There are few studies on how many families choose palliative care for their newborns, and why. But when Puler, the NICU nurse from Michigan, tweeted in response to Trump’s comments on Saturday, the thread was flooded with replies from parents who had chosen to seek palliative care. Some wrote of babies born with tumors in their brains who never made a sound. Others wrote of severe disabilities caused by traumatic births. The thread was retweeted more than 50,000 times.
“Thank you for this thread,” one woman tweeted. “As someone who has experienced this, it means the world to me that you (and so many others) serve(ed) on a bereavement team, and that you are combating this sick rhetoric.”
Still, the “executing babies” line has proved popular with Republicans. GOP legislators in at least seven states have introduced so-called “born alive” bills this year, which would impose prison sentences on doctors who don’t provide medical care to infants born after an abortion attempt. Senator Ben Sasse introduced a version in the U.S. February—despite the fact that a 2002 federal law already grants any born-alive infant the rights of a person. (Executing such an infant, of course, is already illegal under infanticide statutes.)

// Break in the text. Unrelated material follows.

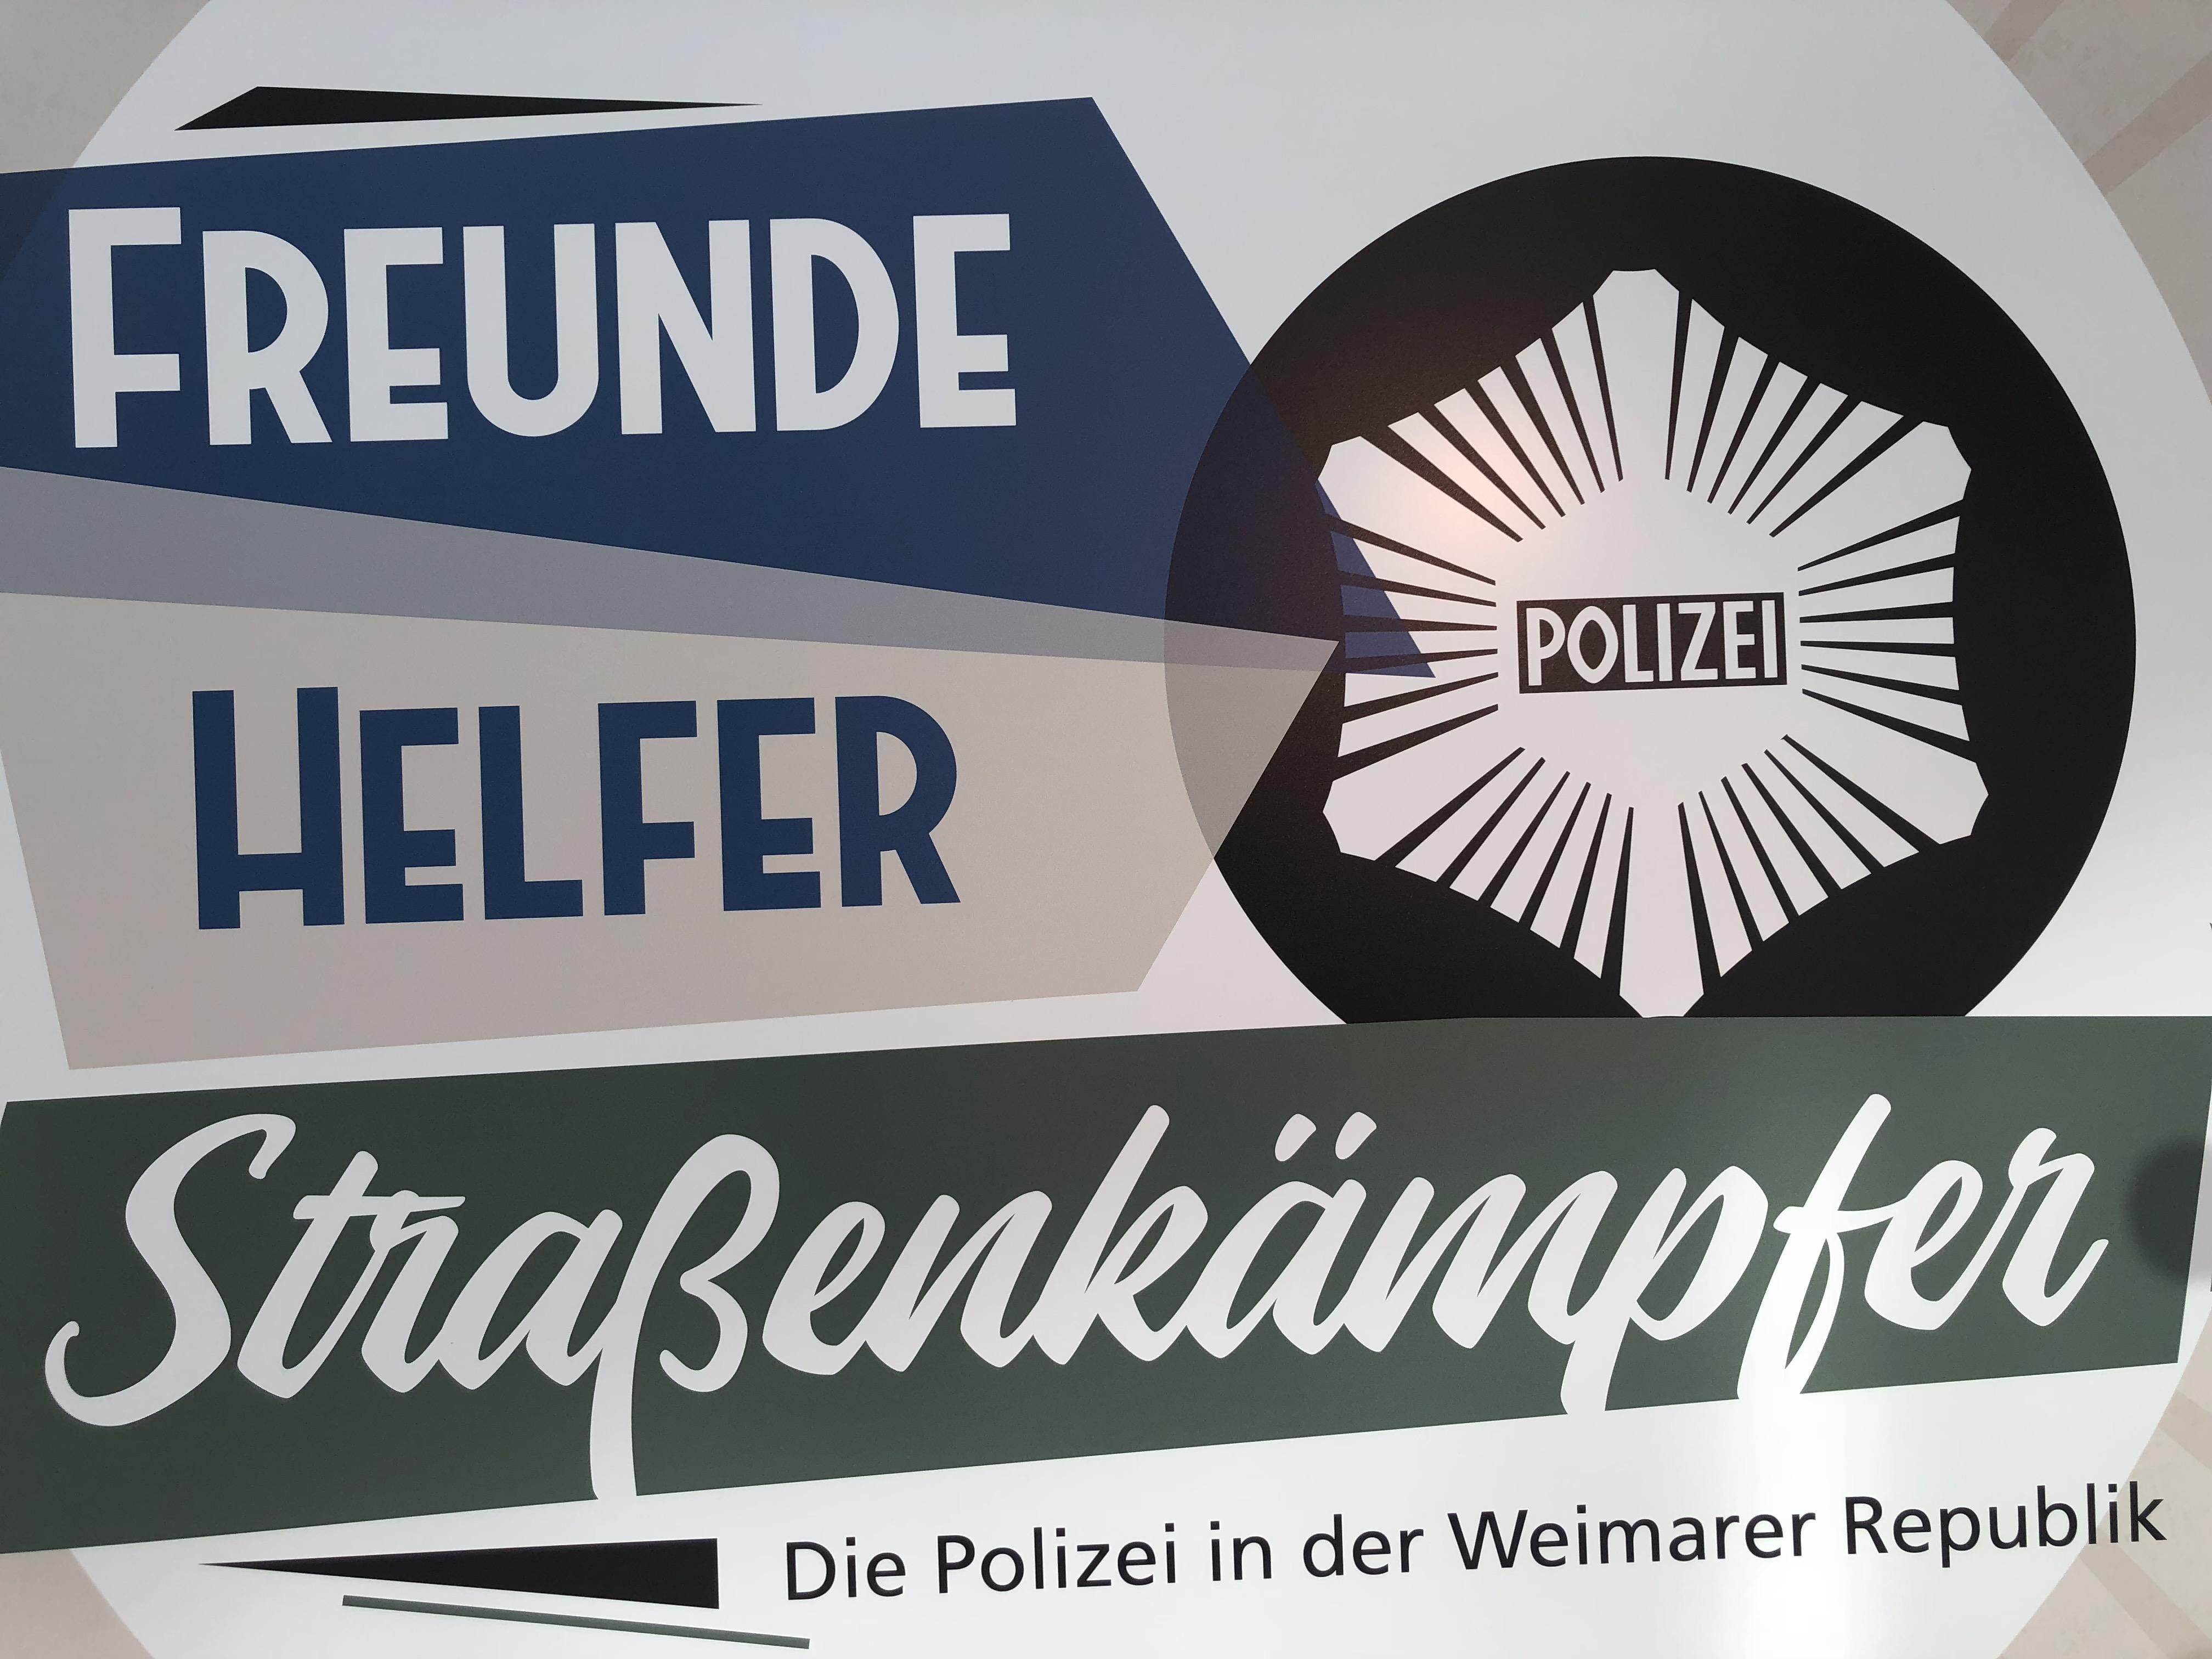 Titel Weimarer Republik

Trump was responding to similar bills at his Wisconsin rally, after governor Tony Evers vowed to veto the state’s “born alive” bill. In fact, despite Trump’s support, no such bill has been signed into law. North Carolina Gov. Roy Cooper vetoed his state’s version of the bill this month, and Montana Gov. Steve Bullock is reportedly leaning toward doing the same.
But several NICU nurses told The Daily Beast they were concerned that if the bills didn’t pass, Trump’s rhetoric would incite anti-abortion zealots to do something more extreme.
“He's putting my profession in danger, and the doctors and the abortion clinics and all kinds of places,” said Carle, the NICU nurse of 22 years. “He's already spewed enough things that have created violence. This is just another notch in his belt.”